=== Data below ===

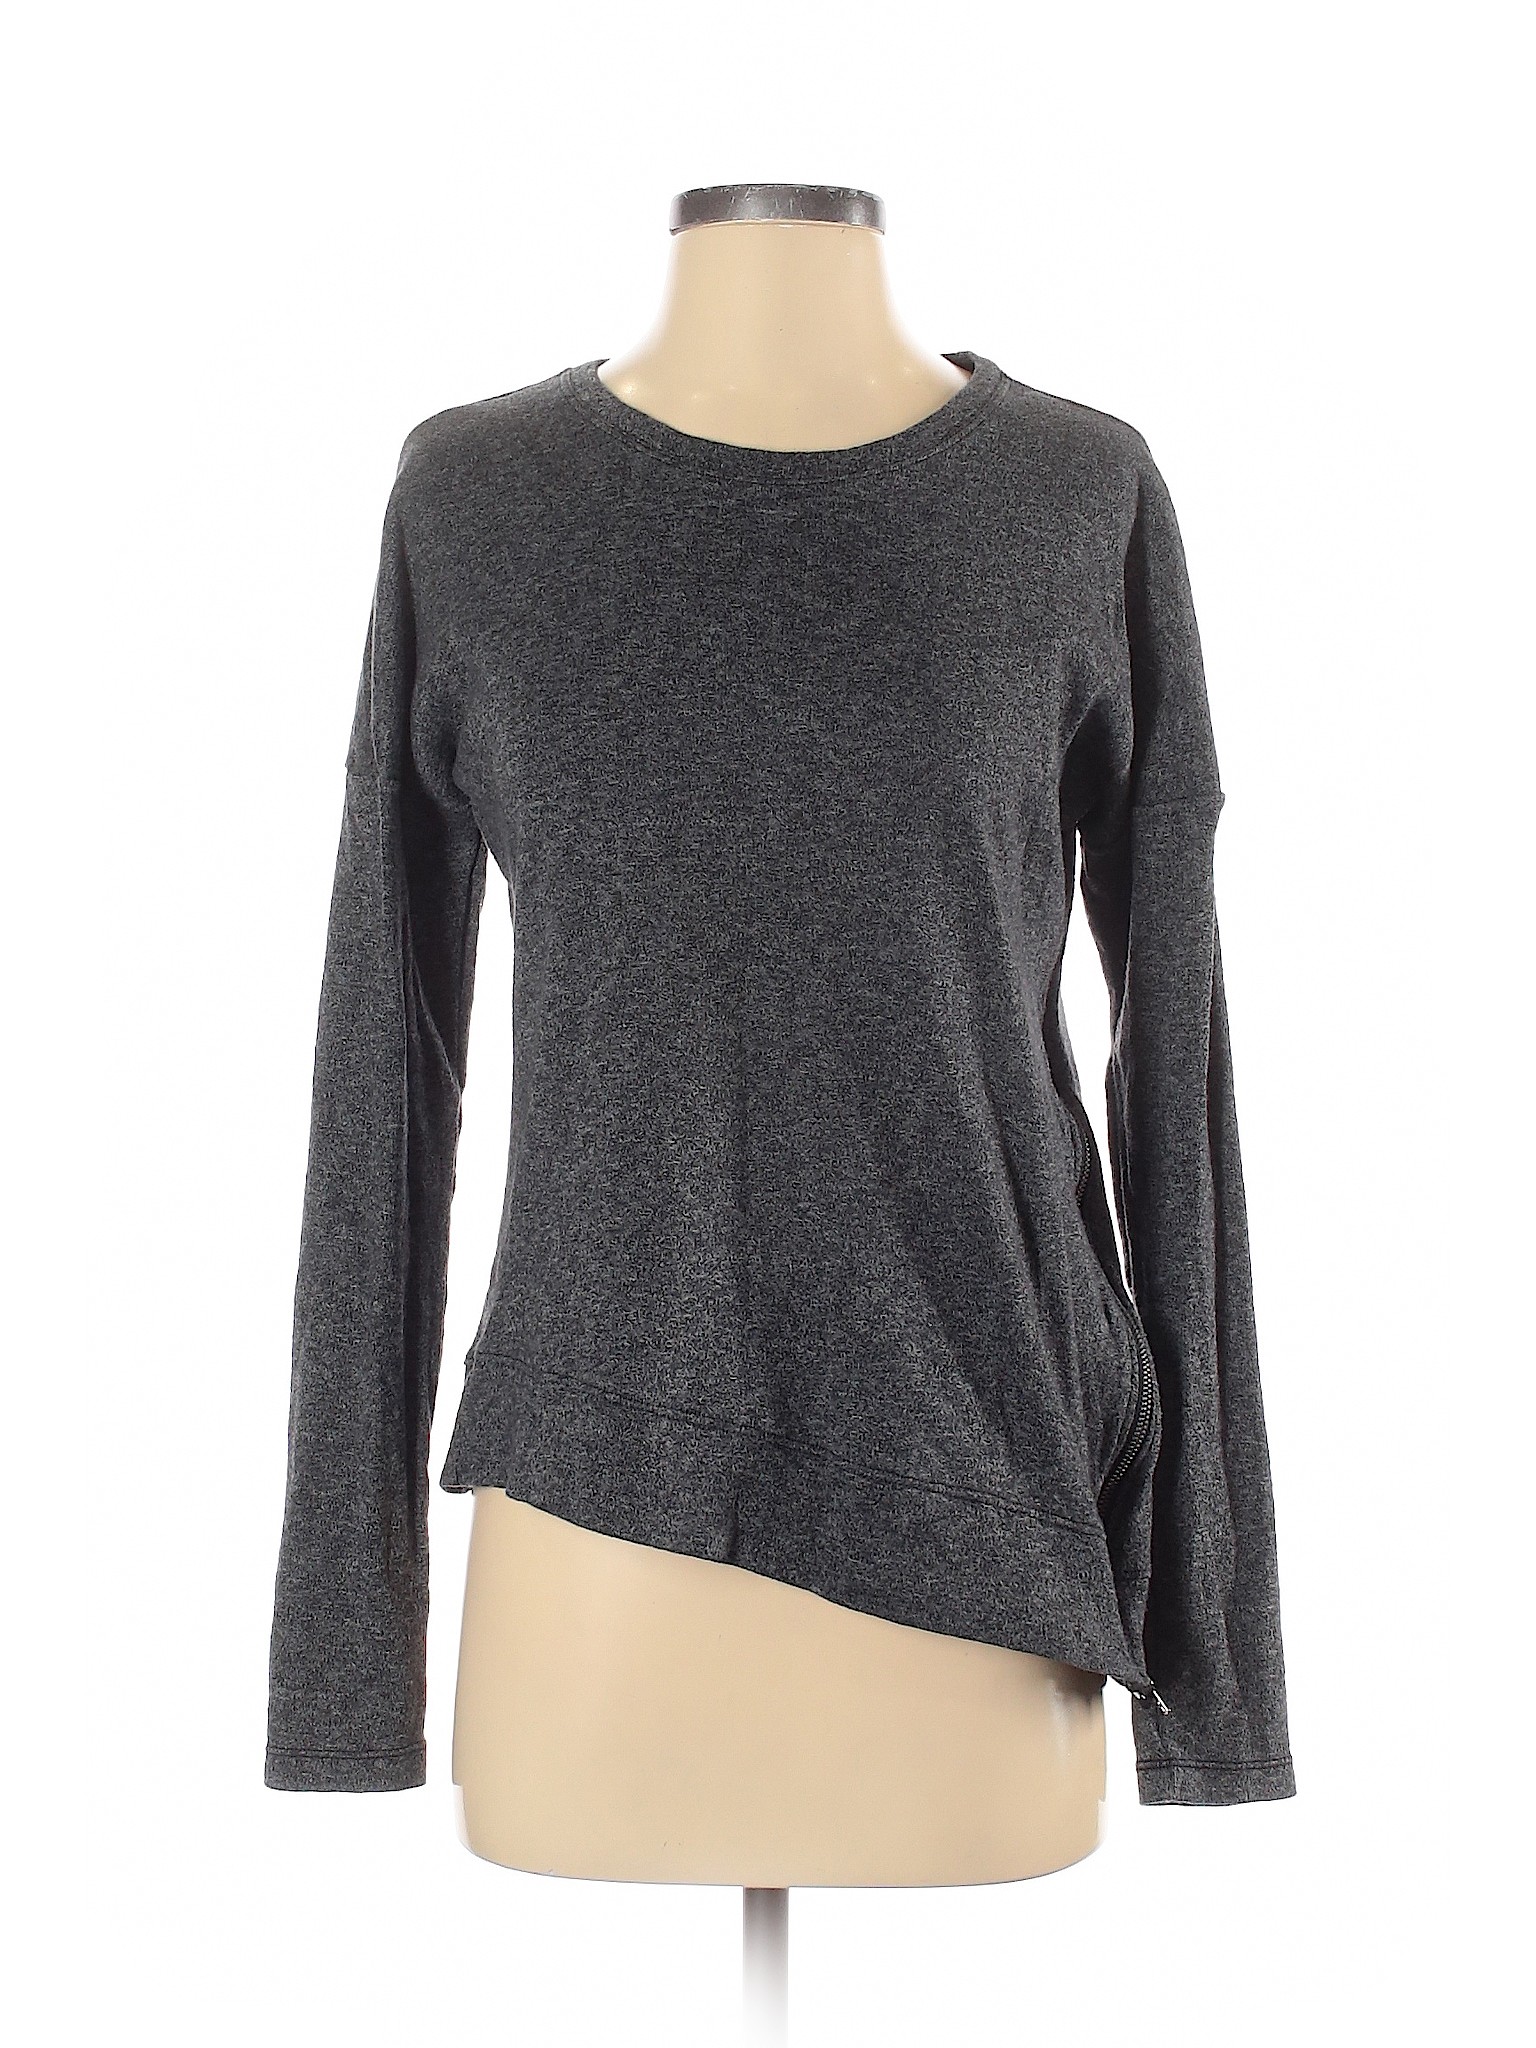 DYI Define Your Inspiration Women Gray Long Sleeve Top XS | eBay
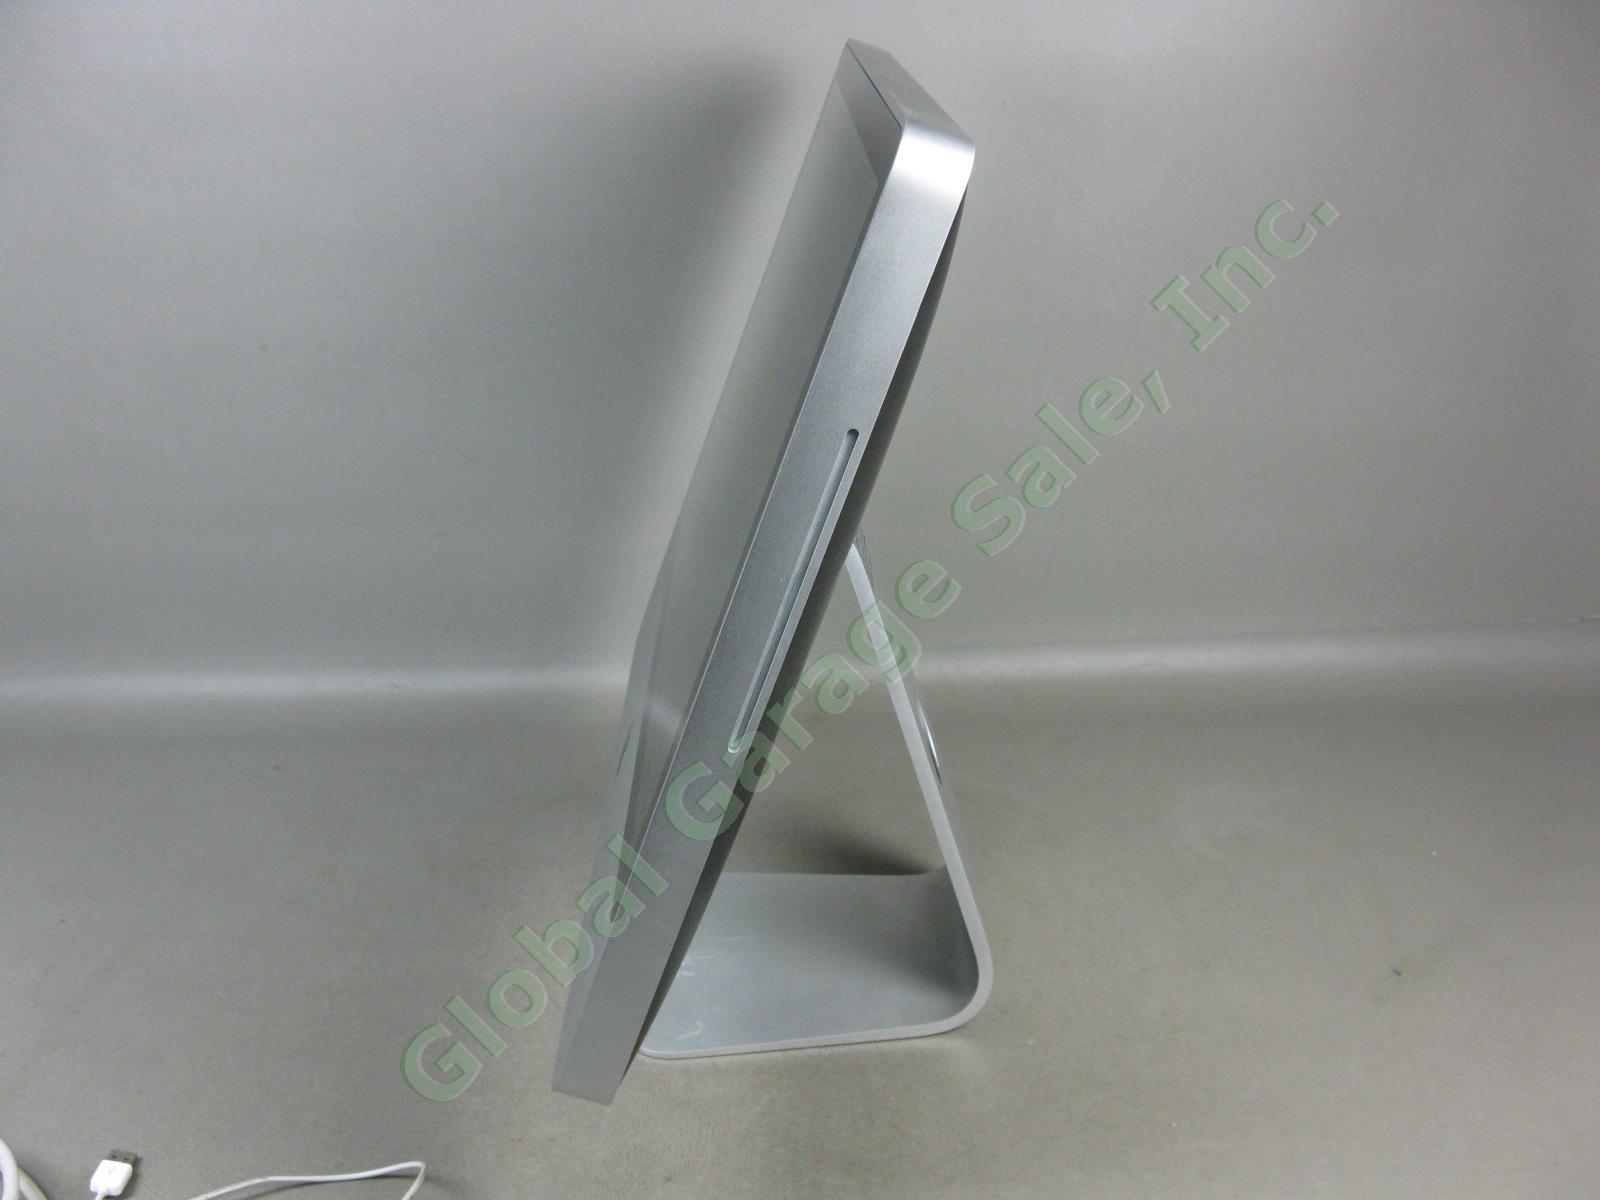 Apple iMac A1224 20" 2.26GHz Intel Core 2 Duo P7550 2GB RAM 160GB HDD MC015LL/B 2
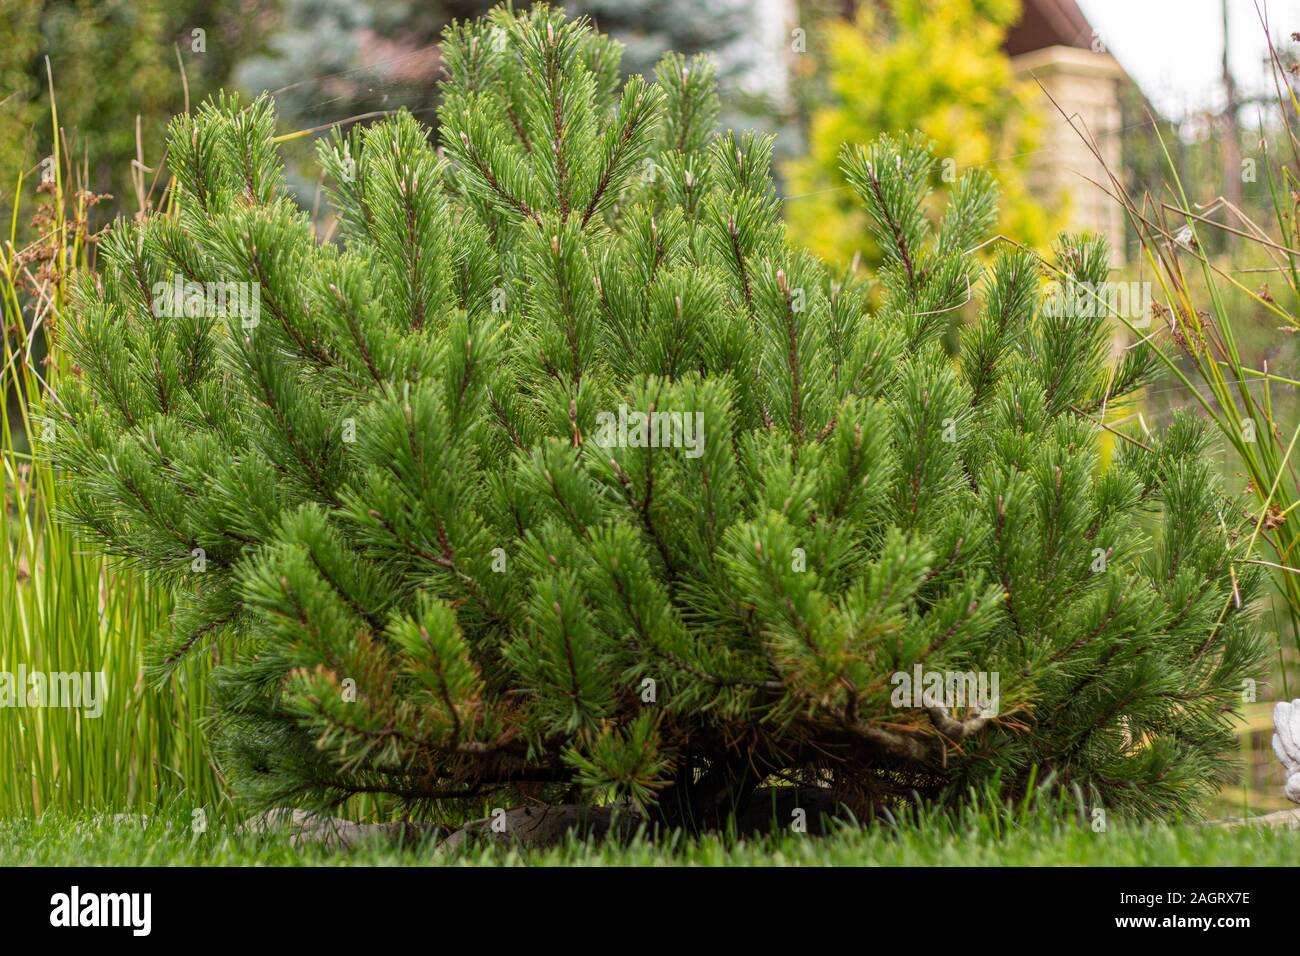 Dwarf mountain pine on the lawn, selective focus. Stock Photo

===

Task prompt: Output, word for word, the full listing above, with no pictures.

Response area:
 DYI Define Your Inspiration Women Gray Long Sleeve Top XS | eBay
 Apple iMac A1224 20" 2.26GHz Intel Core 2 Duo P7550 2GB RAM 160GB HDD MC015LL/B 2
 Dwarf mountain pine on the lawn, selective focus. Stock Photo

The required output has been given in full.